(Source material):
..............................

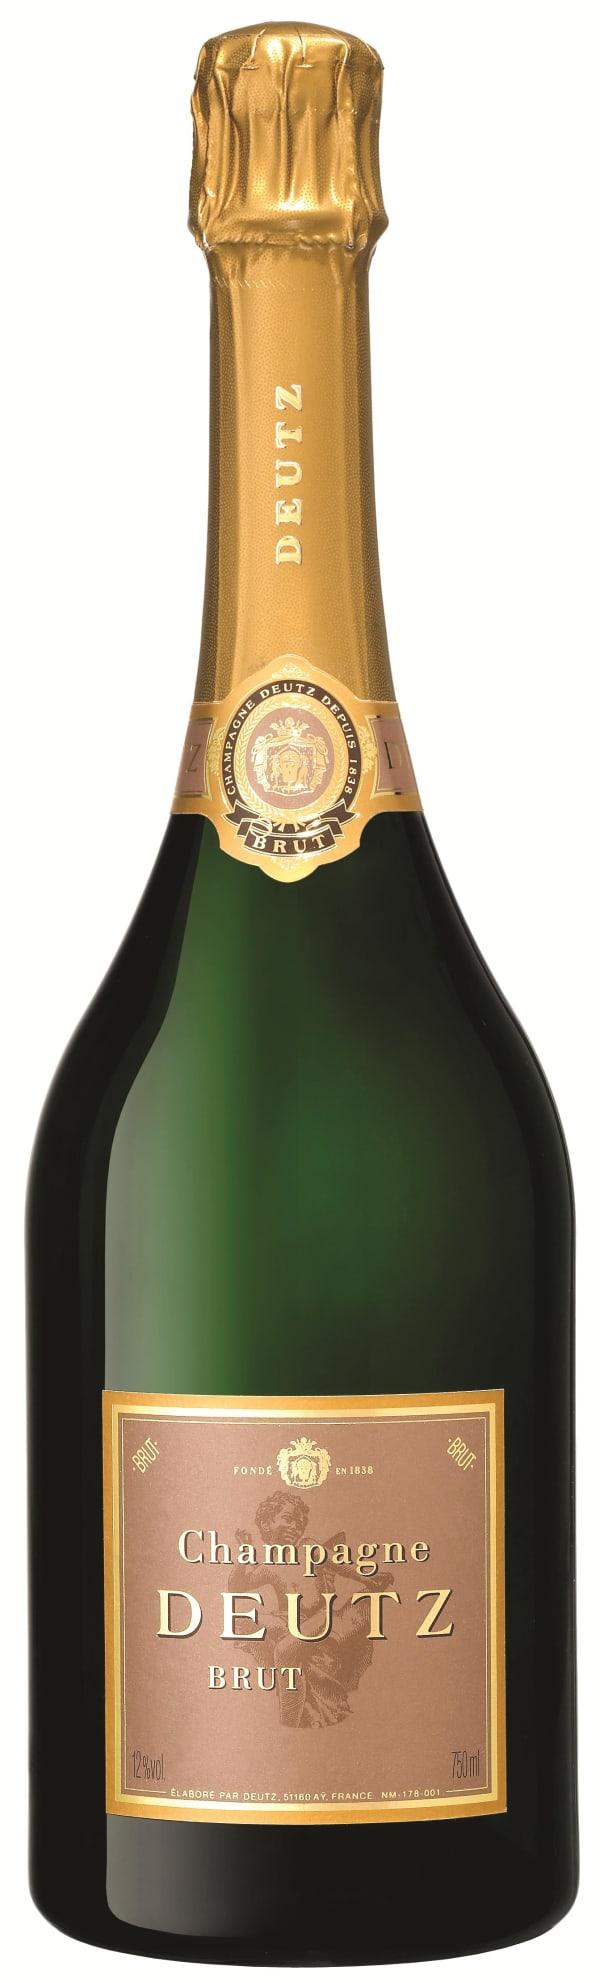 Deutz Champagne Brut 2014
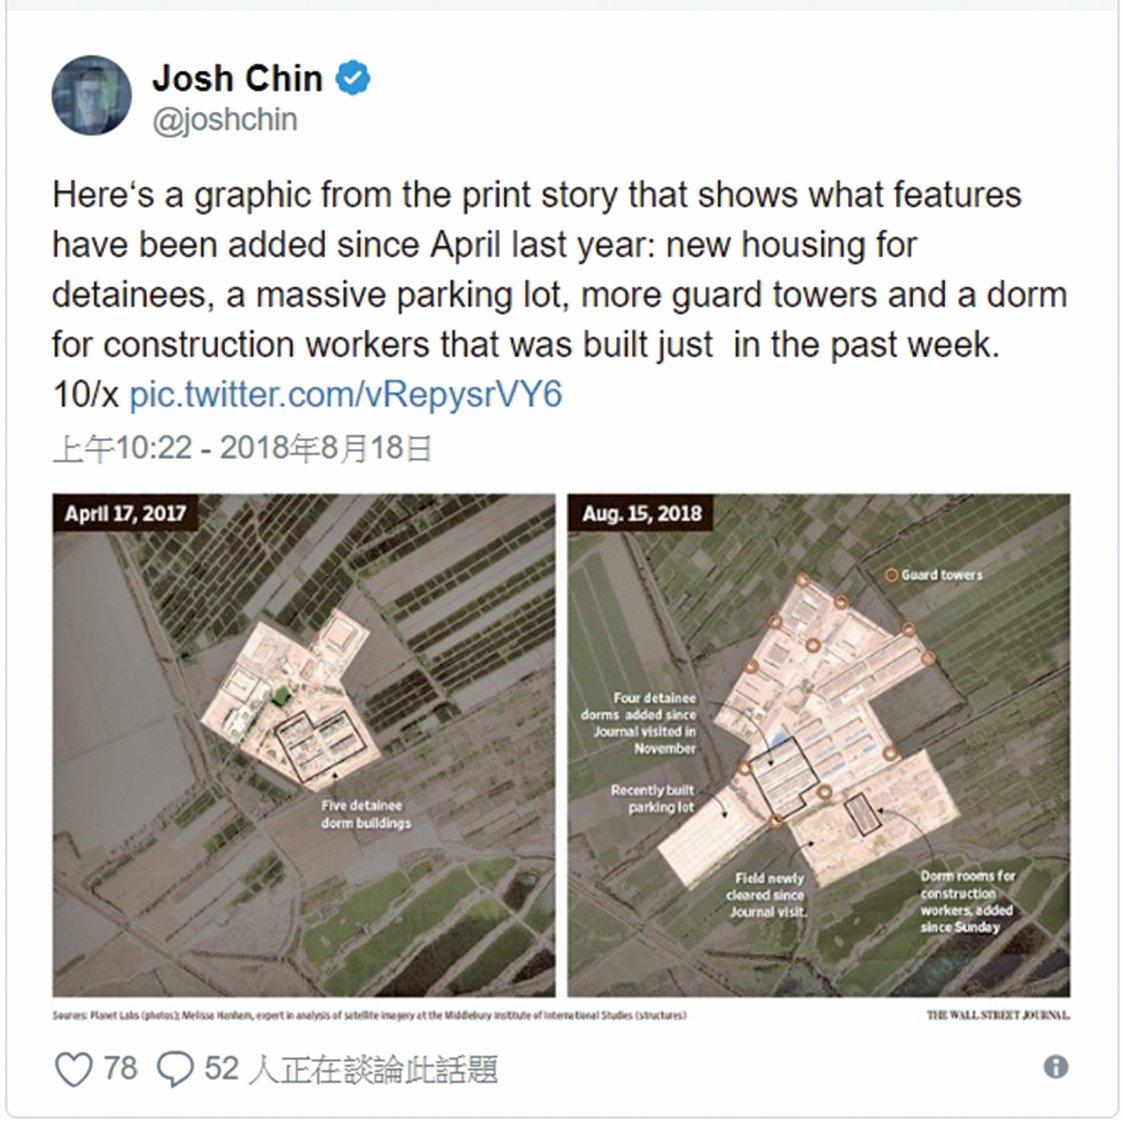 █衛星照片顯示新疆「再教育營」不斷擴大。(翻攝《華日》記者Josh Chin推特)
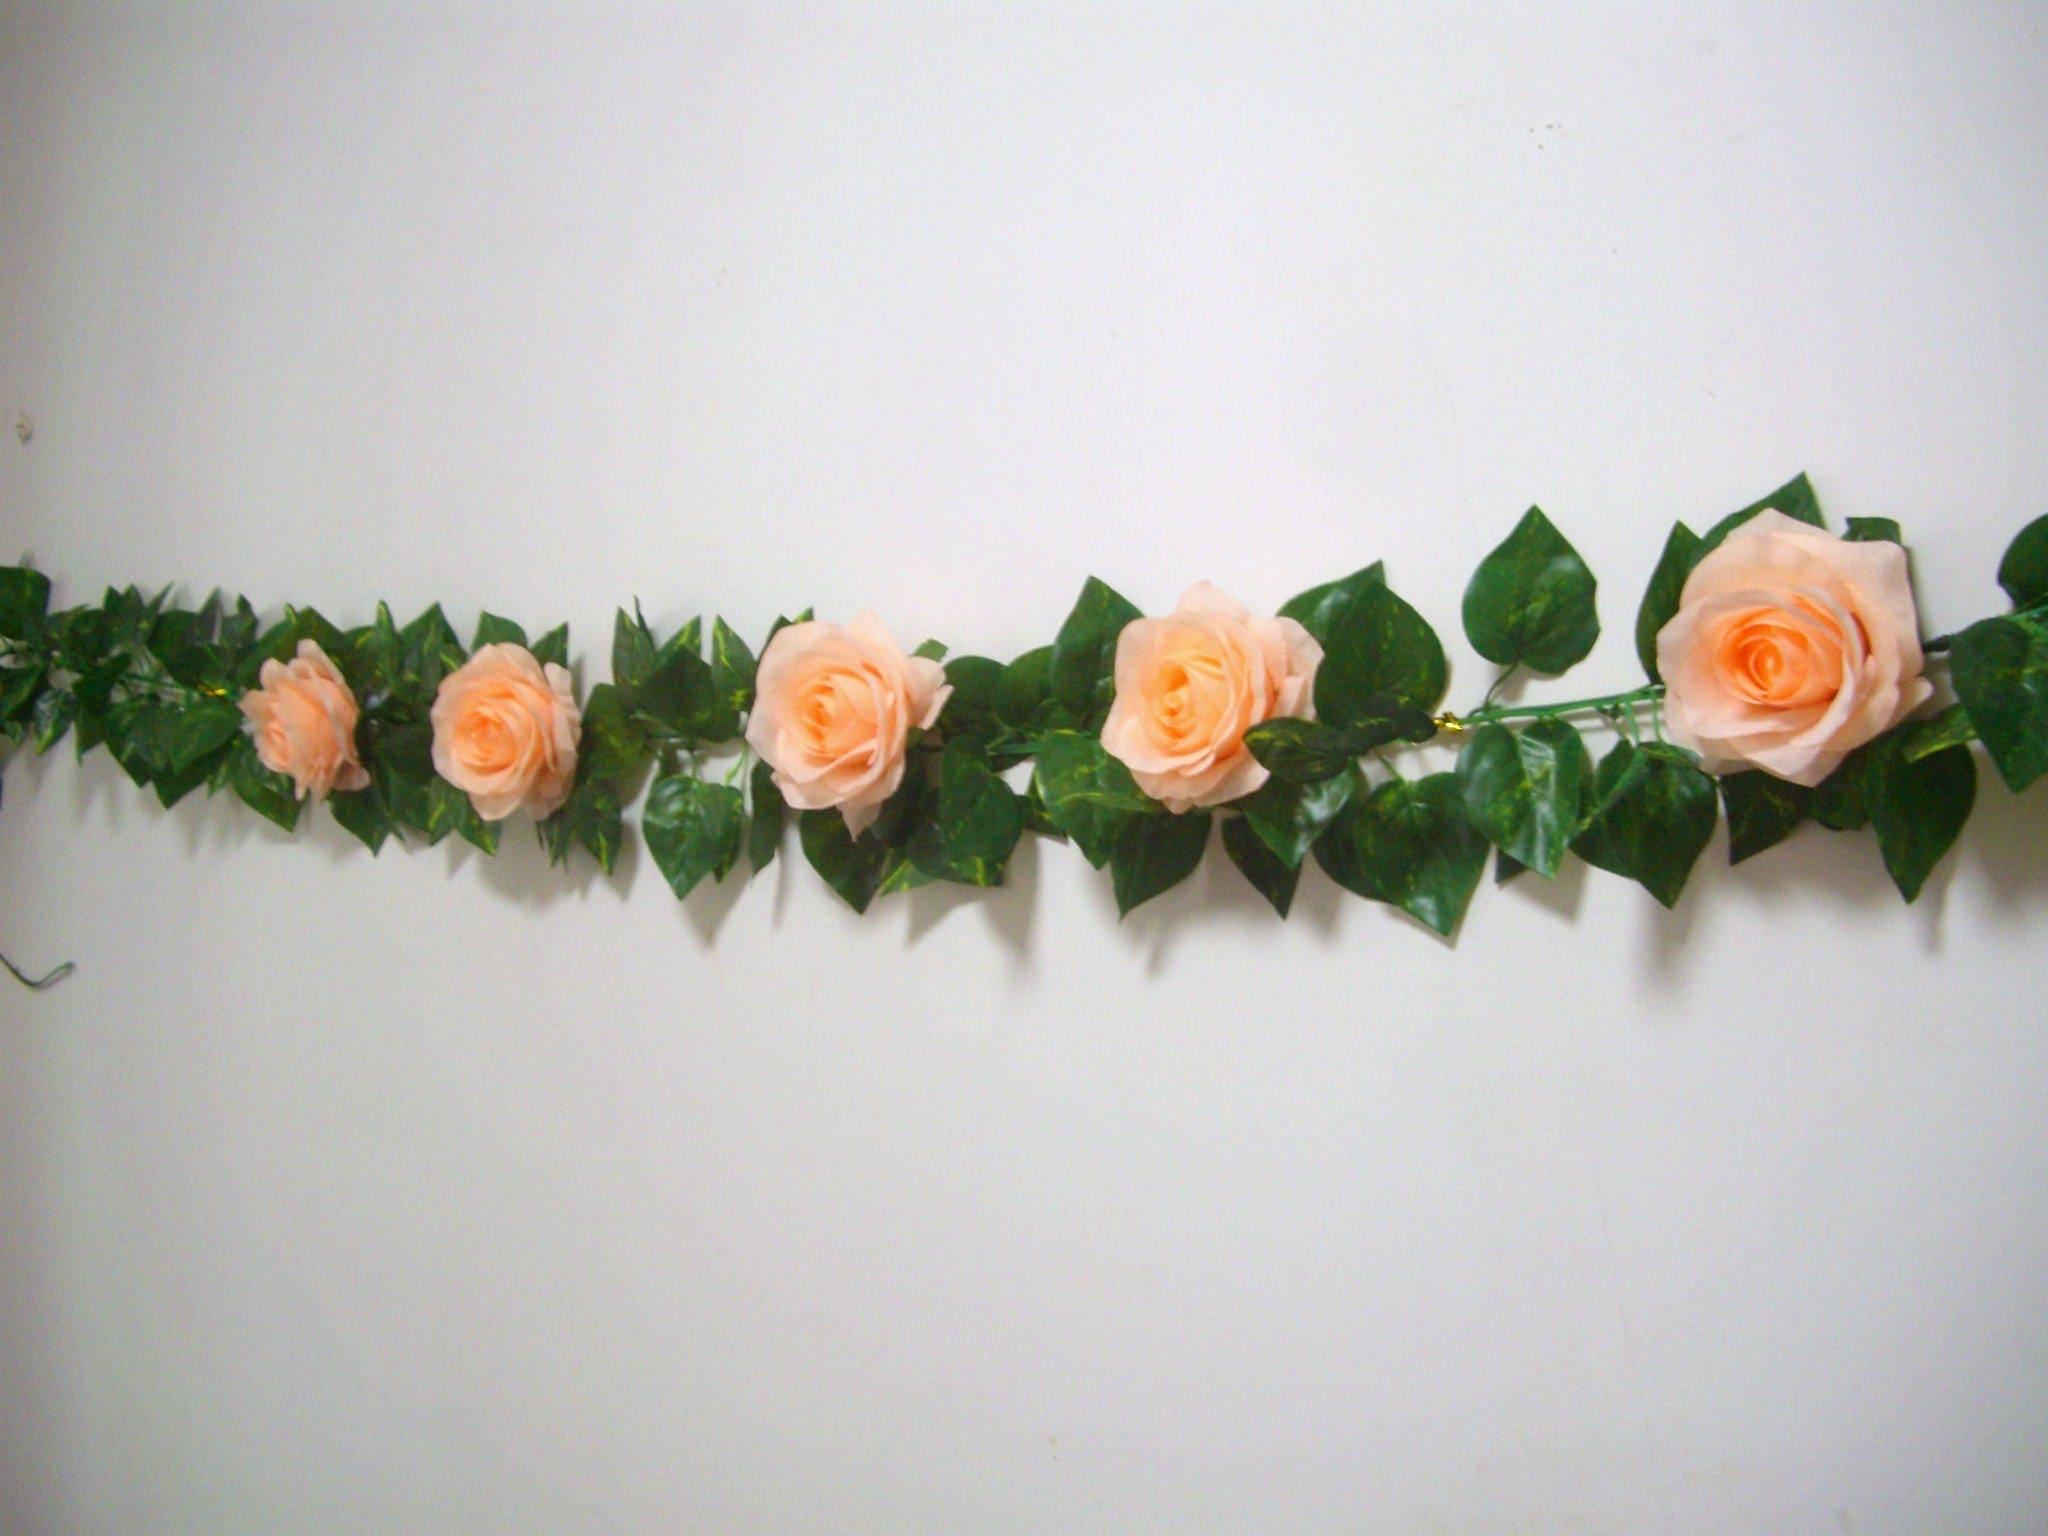 Wedding garlandpeachsilk flower garlandrose garlandwedding arch wedding garlandpeachsilk flower garlandrose garlandwedding arch flower decor mightylinksfo

..............................

Exclude the pictures and print the rest of the data exactly.

 Deutz Champagne Brut 2014
 █衛星照片顯示新疆「再教育營」不斷擴大。(翻攝《華日》記者Josh Chin推特)
 Wedding garlandpeachsilk flower garlandrose garlandwedding arch wedding garlandpeachsilk flower garlandrose garlandwedding arch flower decor mightylinksfo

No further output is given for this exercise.